Failure by Subscriber when
requested by NETcellent System, Inc. to supply NETcellent System, Inc. in writing
or on machine readable media, with data and/or input necessary to recreate any
alleged programming error shall relieve NETcellent System, Inc. of its obligation
to correct that programming error.
Should Subscriber be in
breach of this, or any agreement with NETcellent System, Inc., including but not
limited to, past due accounts, acknowledges that NETcellent System, Inc. shall
at its discretion, suspend or terminate services under this or other similar agreements
for the duration of the incurred breach.
LIMITATION OF LIABILITY
NETcellent System, Inc.
grants no warranties, express or implied, including without limitation implied
warranties of merchantability or fitness for a particular purpose on any service
rendered hereunder.
Under no condition shall
NETcellent System, Inc. be liable for damages, including, but not limited to,
special, or consequential damages occurring out of or in connection with the support
subscription service, registered software, or documentation hereunder.
TERMS AND TERMINATION
The terms of this Agreement
shall commence on the date of this agreement as specified on the face side hereof,
and shall extend until terminated by Subscriber or NETcellent.
NETcellent System, Inc.
may terminate all rights to renew or extend the terms of this Agreement by notifying
Subscriber forty-five (45) days prior to the Anniversary Date of this Agreement.
In the event Subscriber has paid to NETcellent System, Inc. the support fee for
an extended term prior to receiving notification that NETcellent System, Inc.
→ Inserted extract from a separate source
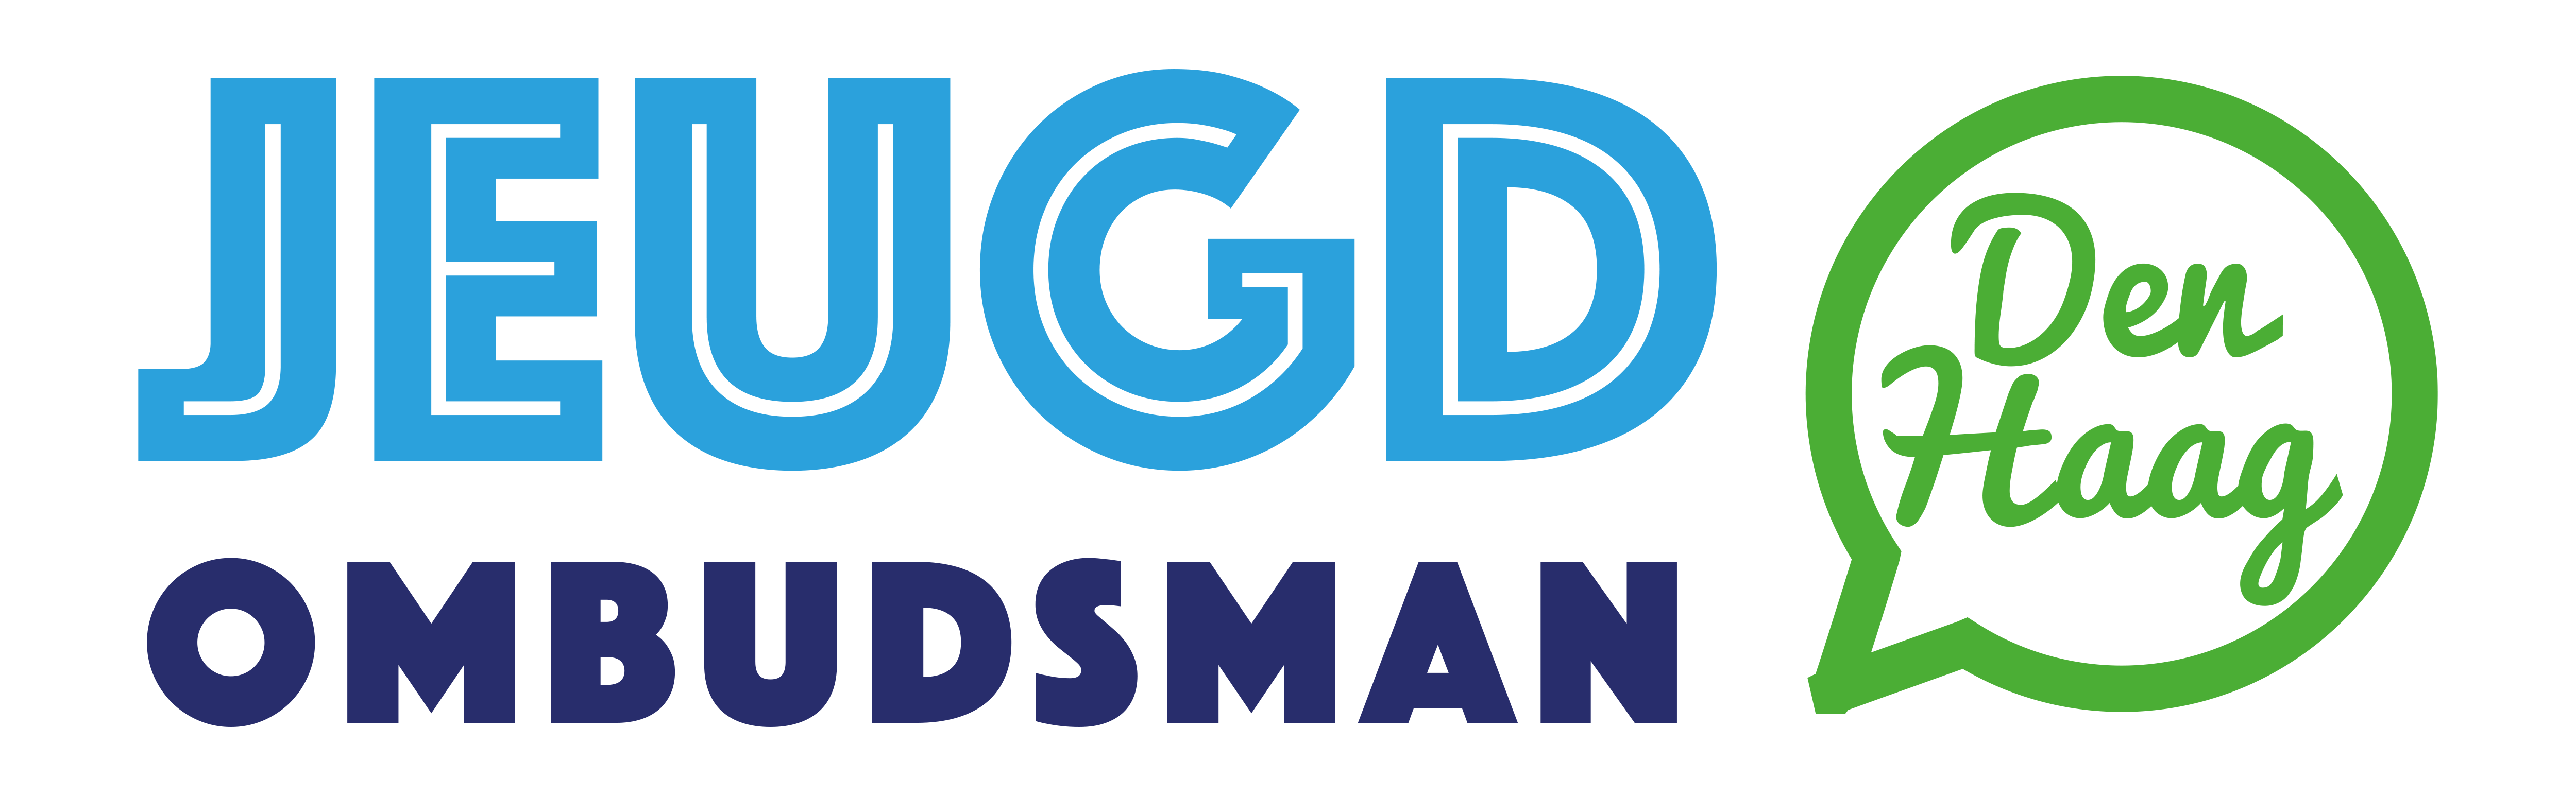 Logo Jeugdombudsman - Ga naar www.jeugdombudsman.denhaag.nl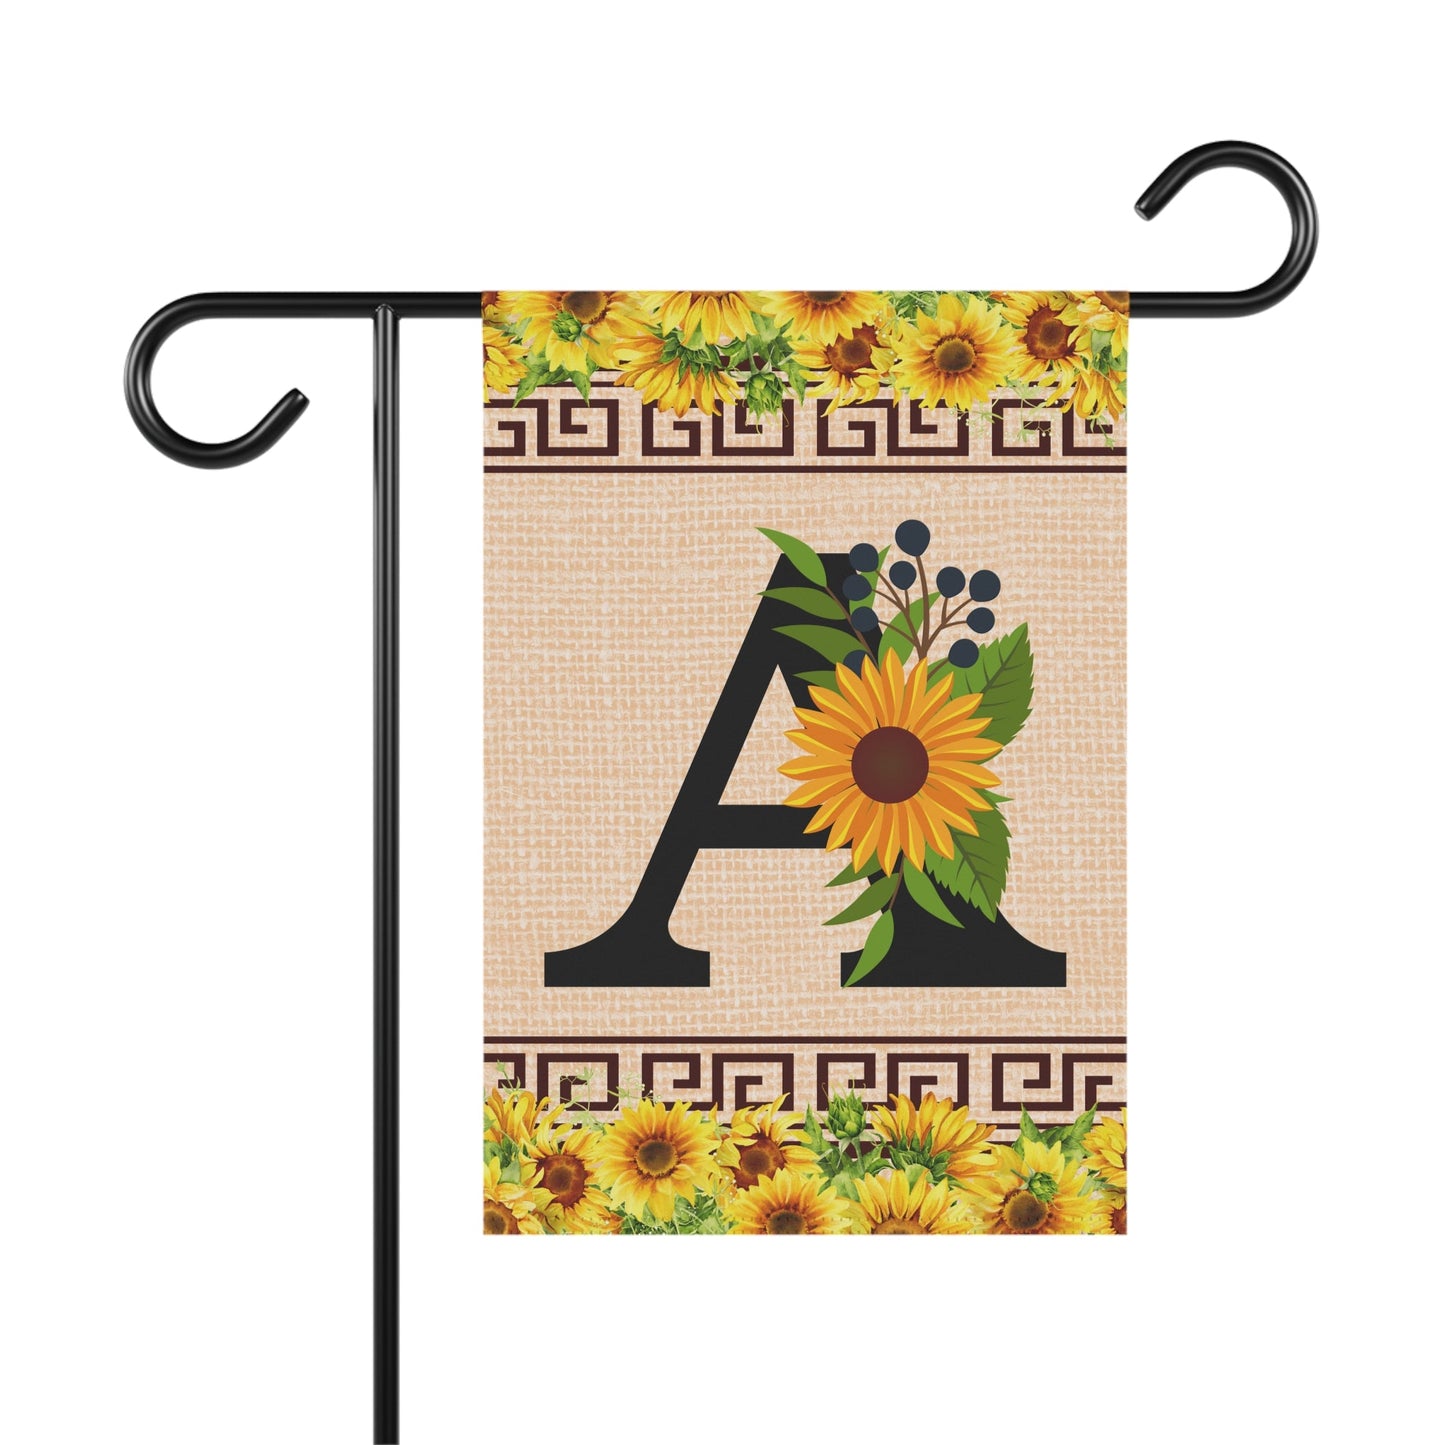 Elegant Sunflower Design Garden Flag with A-Z Letter Variations - Zealous Christian Gear - 2

has terminated Subscriber’s right to extend NETcellent System, Inc. shall refund
said Annual Fee for that extended term.
GENERAL
Nothing contained in this
Agreement shall be construed as creating a joint venture, partnership, or employment
relationship between the parties hereto. No modification, addition to or waiver
of any rights, obligation or default shall be effective unless in writing and
signed by the party against whom the same is sought to be enforced. One or more
waivers of any rights, obligation, or default shall not be construed as a waiver
of any subsequent rights, obligation or default.
NETcellent System, Inc.
shall not be liable for delays in any of its performance hereunder due to causes
beyond its reasonable control.
This Agreement shall be
governed by the laws of the State of California and shall be deemed to have been
entered into on the date accepted by NETcellent System, Inc. All questions concerning
the validity and provisions, or any of the rights or obligations of the parties
hereto shall be instituted and prosecuted in Los Angeles County in accordance
with the laws of the State of California.
If any terms, provisions,
covenants, or conditions of this Agreement is held by a court of competent jurisdiction
to be invalid, void, or unenforceable, the remainder of the provisions shall remain
in full force and effect and shall in no way be affected, impaired, or invalidated.